◆ **Your goal**: An exact copy is needed of the lines in the entries below from the line with "Free Coloring Pages" up to and including the line with "Cupcakes & Cashmere", and of nothing else. Leave the pictures out.

◆ **The data**:

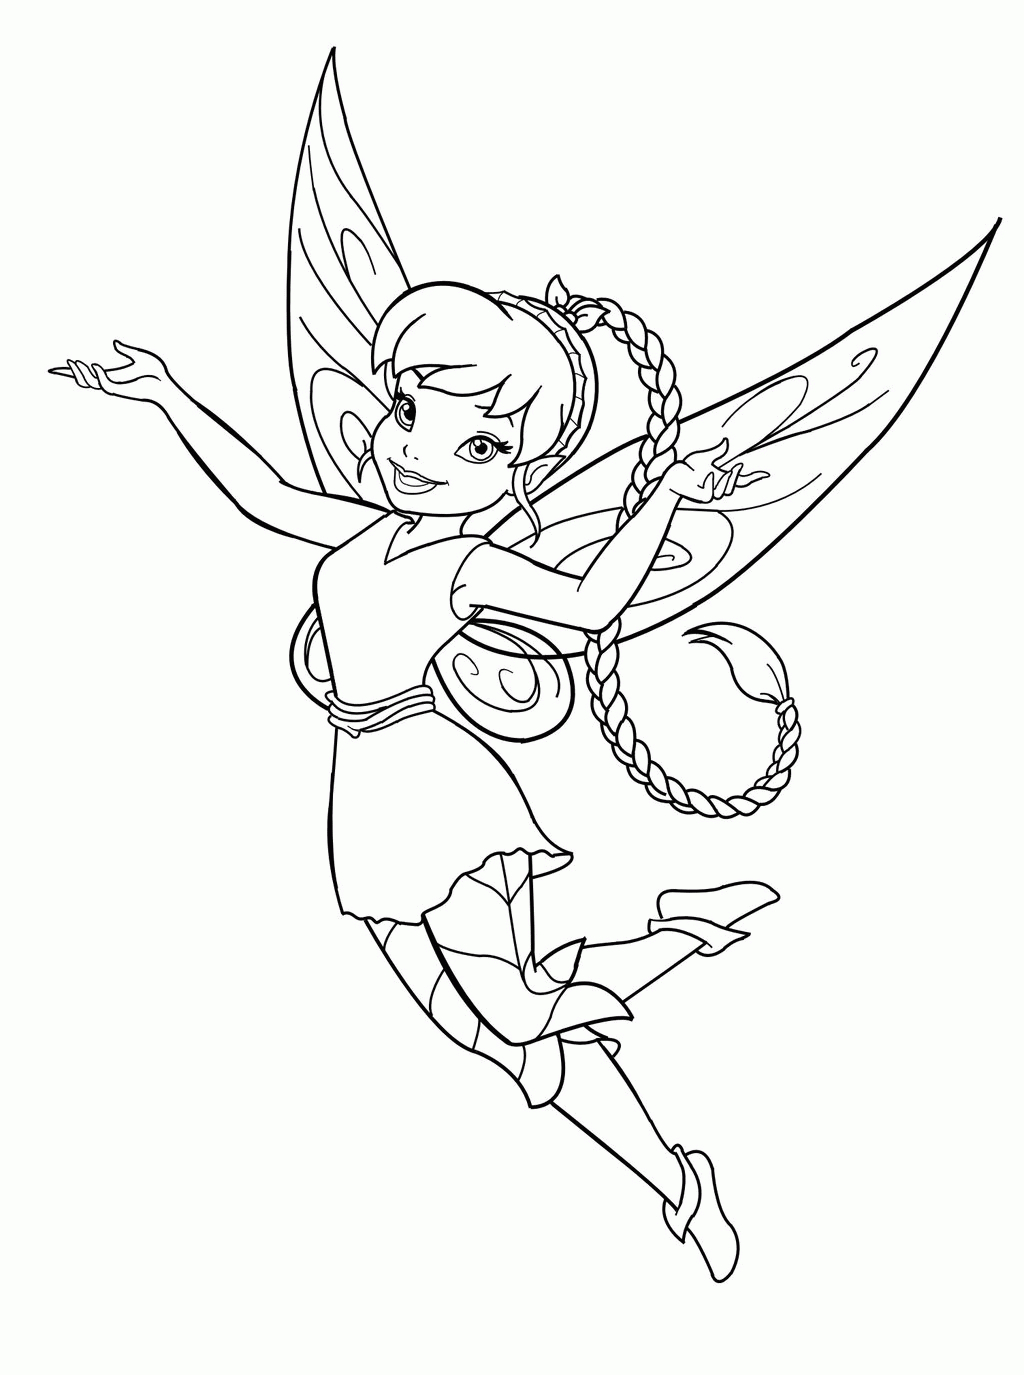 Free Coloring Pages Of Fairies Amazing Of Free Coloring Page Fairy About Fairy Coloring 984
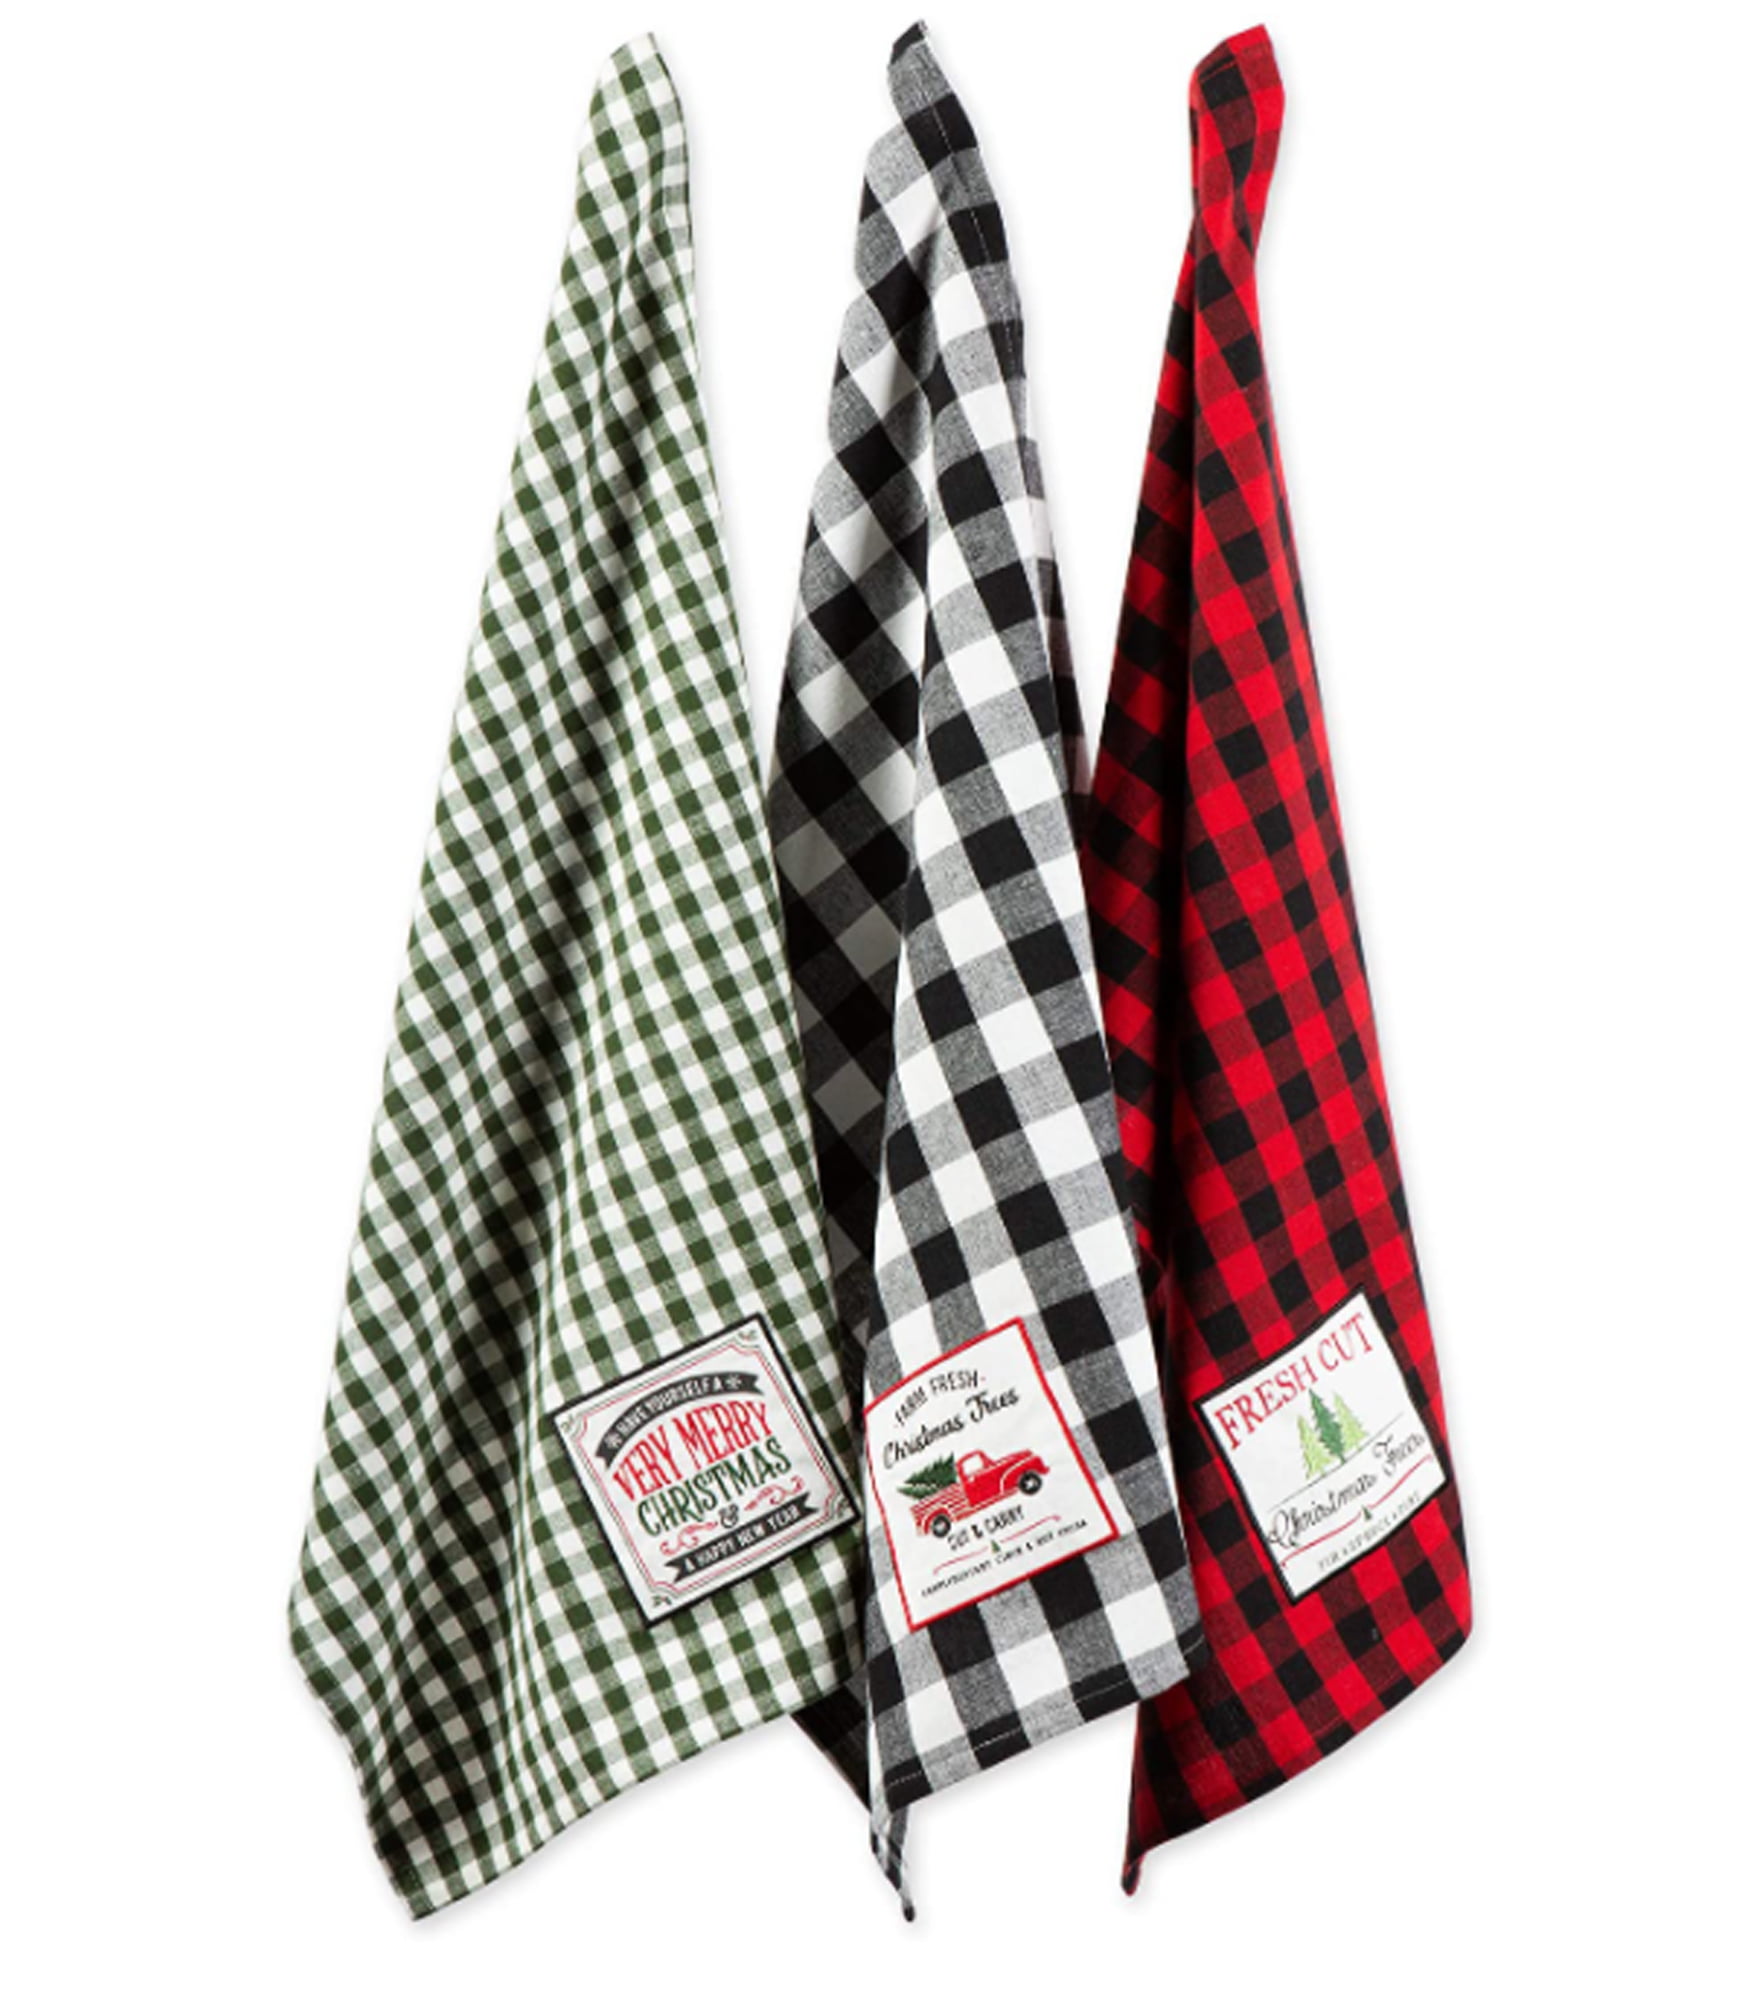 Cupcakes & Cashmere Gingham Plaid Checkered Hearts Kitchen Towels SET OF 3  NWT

...

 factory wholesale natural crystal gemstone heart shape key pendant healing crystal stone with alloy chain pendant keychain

◆ **Exercise response**:
 Free Coloring Pages Of Fairies Amazing Of Free Coloring Page Fairy About Fairy Coloring 984
 Cupcakes & Cashmere Gingham Plaid Checkered Hearts Kitchen Towels SET OF 3  NWT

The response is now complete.